By default whitespace tokenizer is used for dictionary entries tokenization.
But you can provide a custom one (usually you want your text and dictionary tokenized by the same tokenizer)

```java
AnalysisEngineDescription description = AnalysisEngineFactory.createEngineDescription(DictionaryAnnotator.class,
DictionaryAnnotator.PARAM_DICTIONARY_LOCATION, "classpath:dictionary.csv",
DictionaryAnnotator.PARAM_TOKENIZER_CLASS, YourDictionaryTokenizer.class.getName(),
DictionaryAnnotator.PARAM_ANNOTATION_TYPE, DictionaryEntry.class.getName(),
DictionaryAnnotator.PARAM_DICTIONARY_CASE_SENSITIVE, false,
DictionaryAnnotator.PARAM_FEATURE_MAPPING, asList(
"1 -> feature1", "2 -> feature2"));
```

NOTE: Tokenizer must implement ```lt.tokenmill.uima.dictionaryannotator.DictionaryTokenizer```

### Accent-insensitive matching

Dictionary annotator can match text ignoring letter accents. To enable this feature set following configuration property to ```false```:

```java
DictionaryAnnotator.PARAM_DICTIONARY_ACCENT_SENSITIVE
```
## Known issues

If some line in a long CSV doesn't have a closing quote character then the CSV reader might strugle to finish its job.
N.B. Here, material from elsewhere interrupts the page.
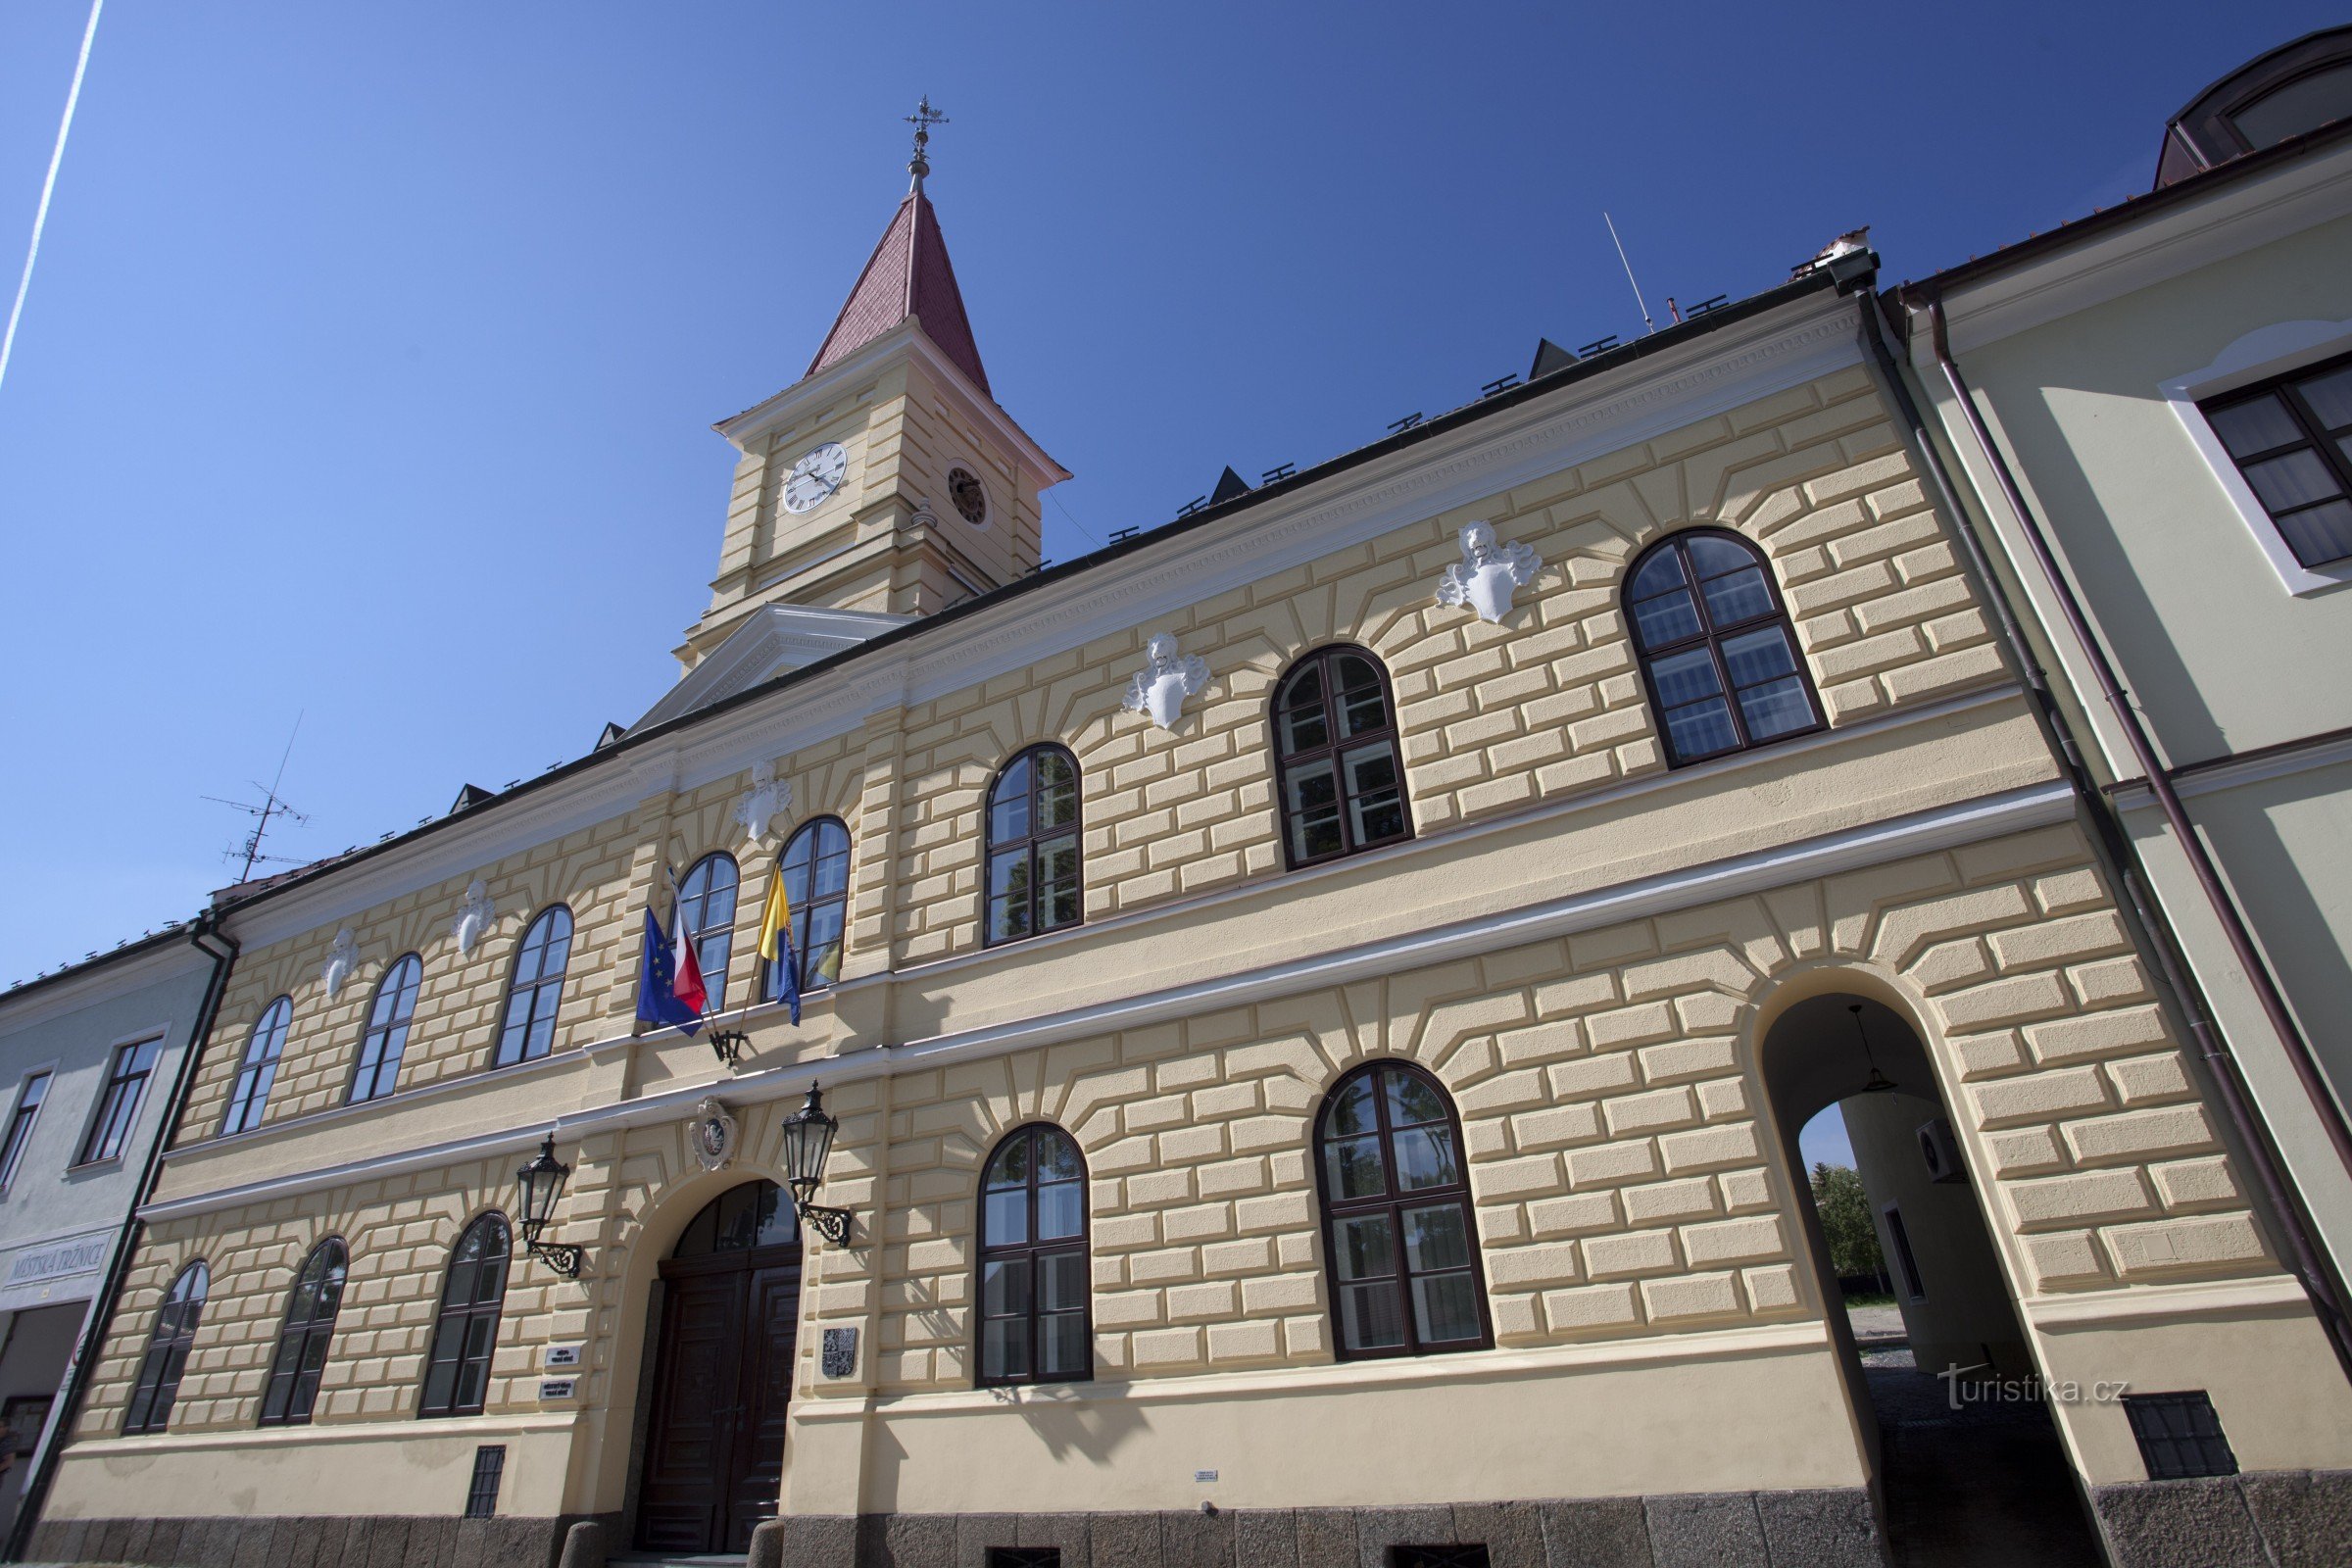 The city of Velká Biteš

If you know that one line corresponds to exactly one dictionary entry then check if there are lines that have exactly one quote character and fix those lines. One possible solution is to get rid of the problematic linee altogether, e.g. the quote character is `"` and e.g. with `sed` delete those lines in the same file:
```bash
sed -i -e '/^[^\"]*\"[^\"]*$/d' input-file.csv
```

## TODO

* Phrase matching using stemmed tokens
* Configurable CSV separator
* Configurable ignored characters (as in MARKTABLE)

## License

Copyright © 2019 [TokenMill UAB](http://www.tokenmill.lt).

Distributed under the The Apache License, Version 2.0.